Creating organic compost can be a delightful and fulfilling project for the entire family, offering a wonderful opportunity to spend quality time outdoors while soaking up some Vitamin D. Composting brings numerous benefits, providing a healthier and more economical alternative to many garden and potting soil products. The process itself is surprisingly simple, utilizing kitchen and table scraps to produce an extraordinary super soil for your garden. With various techniques available, finding the one that suits you best is a breeze. And as always, our greatest ally, Mother Nature, will gratefully acknowledge your contributions in more ways than one.
When it comes to setting up an area for composting, there are several approaches to consider. The first step is to find a suitable spot where you can either use a composting container or designate an area on the ground for your scraps. Regardless of whether you choose to use a container or not, your scraps will eventually find their way onto the ground, so it's essential to have a convenient location for this process. There are a few different methods for the actual composting process.
The simplest approach is to go directly from table scraps to soil, bypassing the need for any containers. This is the method I personally use for composting, as it is straightforward and hassle-free. Here's how it works: I collect all my scraps, such as fish bones, chicken bones, eggshells, coffee grounds, banana peels, and more, and place them in a designated container inside my house. At the end of each week, I head to my compost pile, dig a few feet down, and deposit the matter. Afterward, I stir the compost pile to distribute all the nutrients throughout the soil, which aids in the decomposition of the organic materials.
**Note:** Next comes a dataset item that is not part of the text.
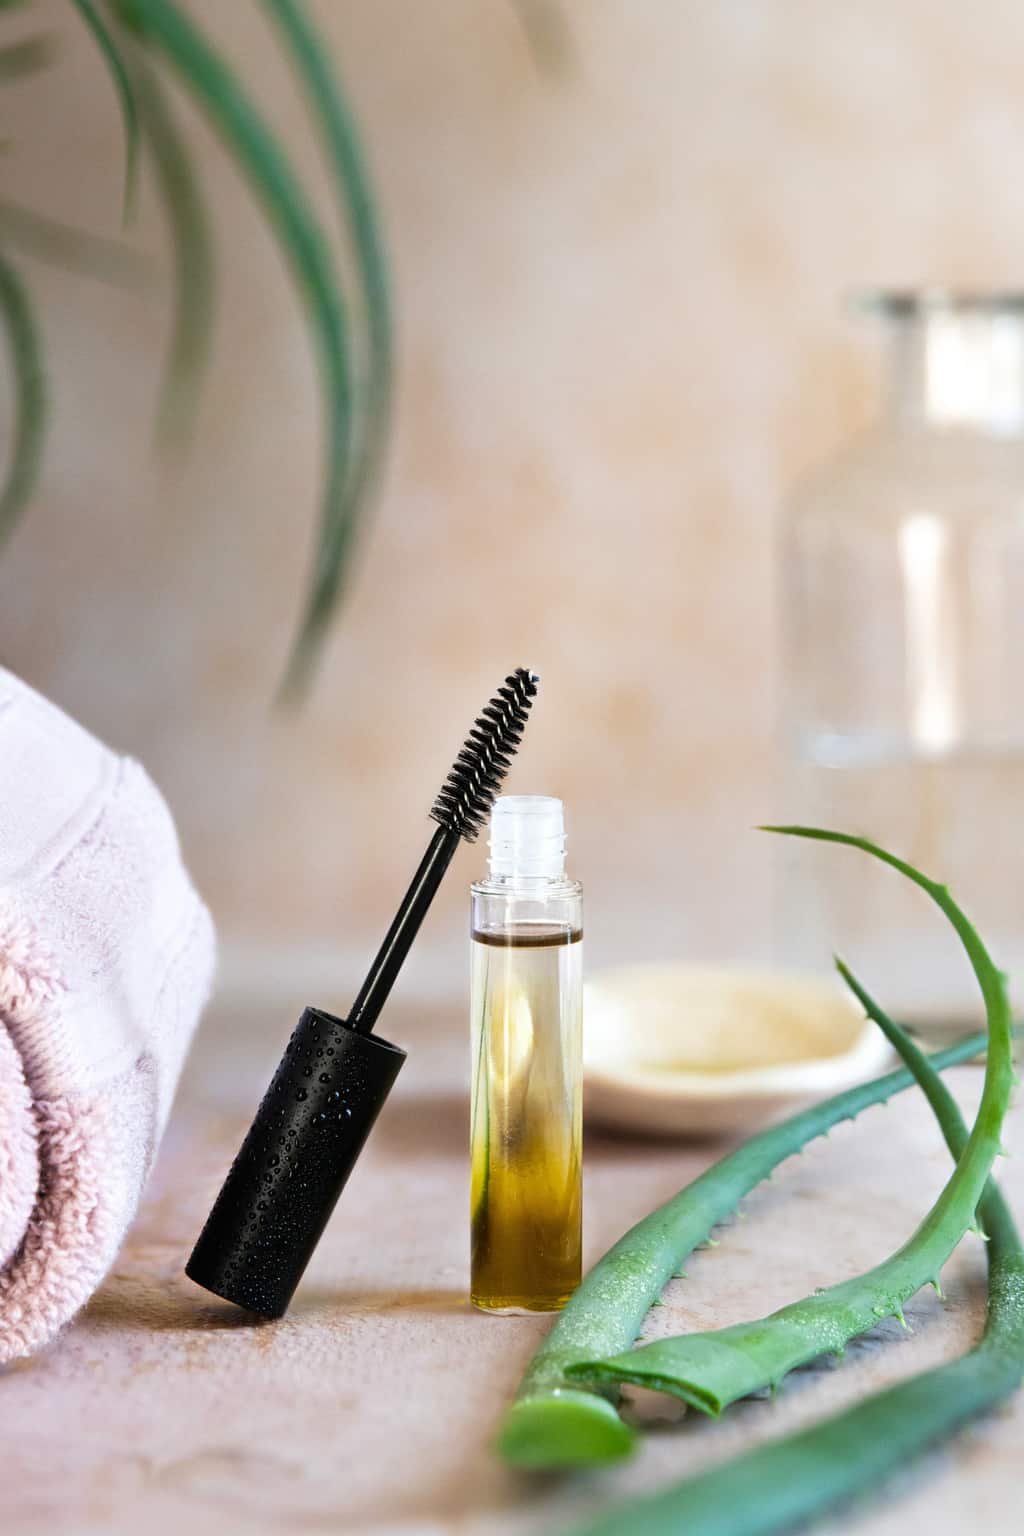 DIY lash conditioning serum nourishes and moisturizes lashes so they grow more quickly. Here's 3 ways to make your own at home.
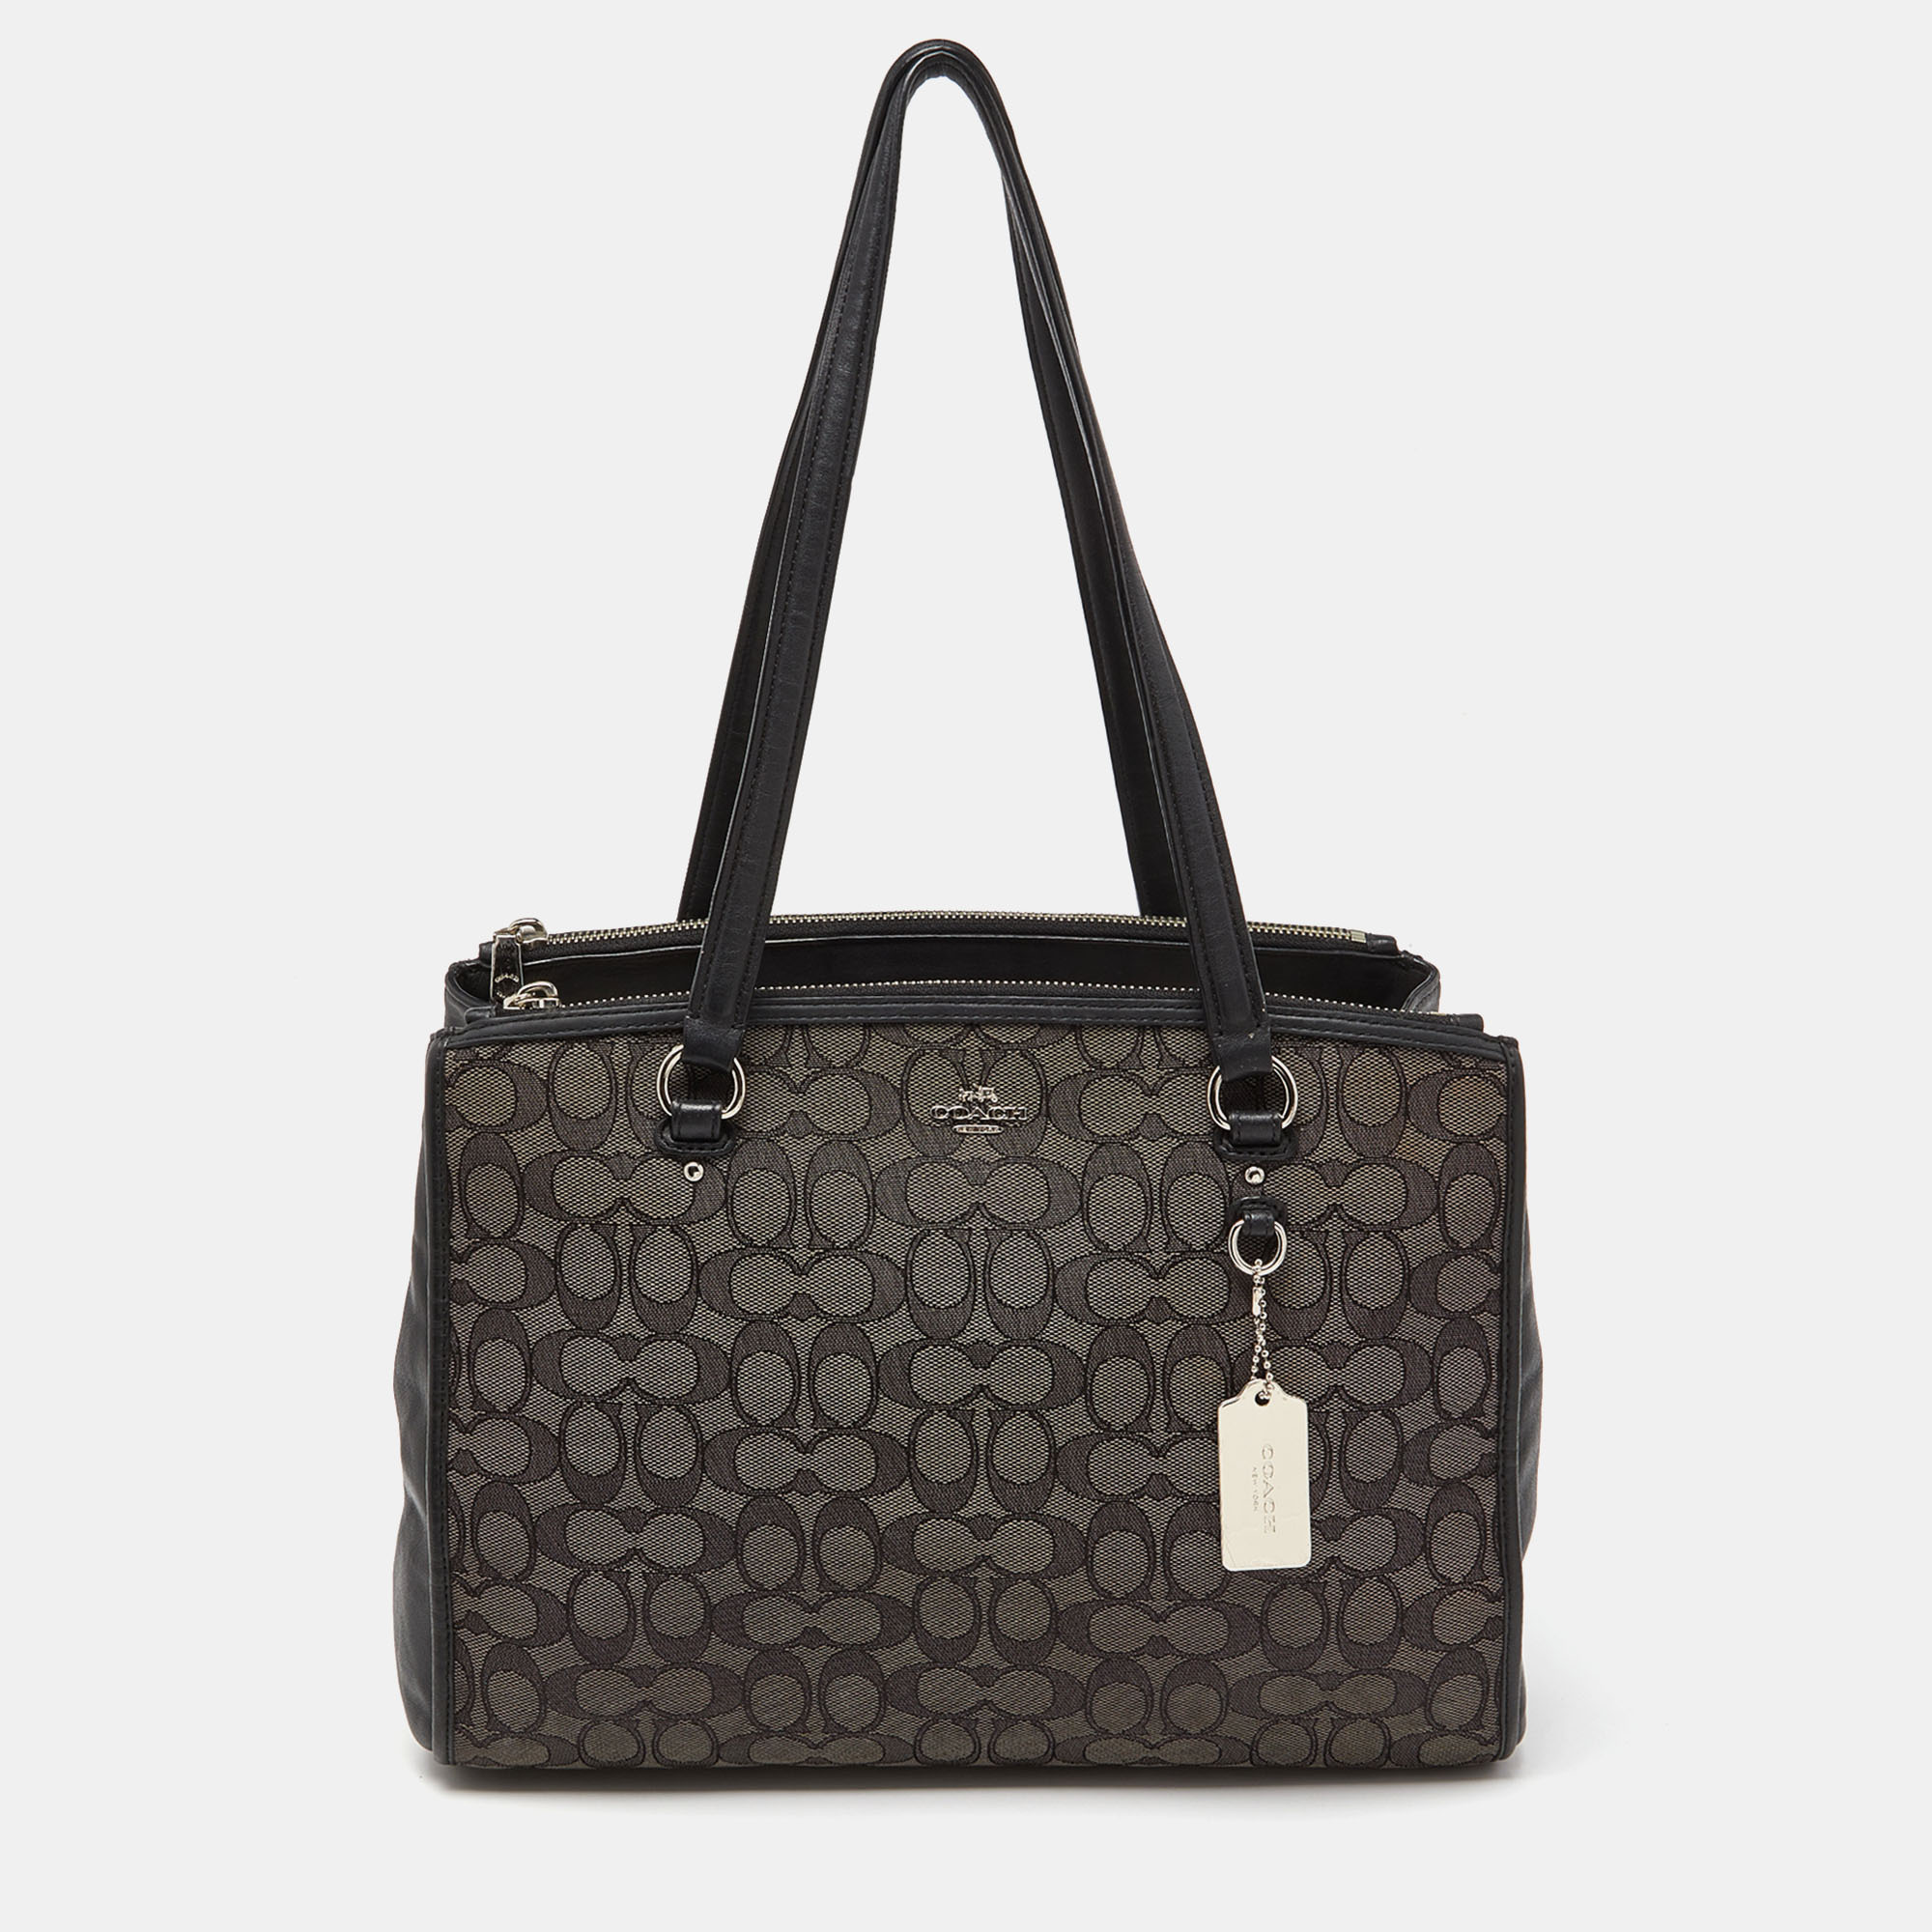 Coach Black/Grey Signature Canvass And Leather Stanton Carryall Shoulder Bag

Another method involves using a composting container outside, which contains all the organic matter either on the ground surface or elevated on a stand to deter critters and prevent a mess. You can either purchase containers specifically designed for composting or create your own using trash cans with a few holes in the lid. Both options work well.
If you opt for a container, allow the matter to accumulate until the container is full, stirring it once a week. Let the material sit for 3-4 months, allowing sufficient time for decomposition, before transferring everything to the ground to proceed with the next step of breaking down the materials. This process is commonly employed in larger-scale operations.
Now that we have established the setup and location of our compost piles, let's discuss the types of materials we can use. The basics include any scraps from cooking, such as eggshells and leftover fruits and vegetables. Additionally, you can incorporate grass clippings, weeds pulled from flower beds, spent vegetable crops, and fish and chicken carcasses. Surprisingly, recycled newspaper and shredded mail can also be used, but delving into further details would exceed the scope of this blog. For more information, you can explore additional resources.
To create a solid foundation, consider using starters like leaves from the lawn or coffee grounds. The beauty of coffee grounds is that many places, such as Starbucks and Dunkin Donuts, package up their used coffee grounds for people to collect for FREE!
Allow 8-12 months for everything to break down and decompose before utilizing the compost in your gardens or flower beds. Once everything has fully transformed and is incorporated into your garden, you will witness increased yields and improved overall health. Best of all, it's a cost-effective solution! By eliminating the need to purchase bagged soil, you'll save a significant amount of money each year.
By choosing to start organic compost, you’ll save money, upgrade the health and quality of your gardens, get involved in a self-efficient lifestyle and the most important of all, the positive environmental impact. Most landscape materials use peat moss that is being harvested at an alarming rate. Peat moss cycles through 30-33% all known carbon emissions. That’s the number one contributor on this planet, including our forest and we all need to do our part in trying to protect them, one bag at a time. There are other peat moss alternatives to use if you still choose to purchase bagged and loose products. Get out there and start your organic compost garden today!!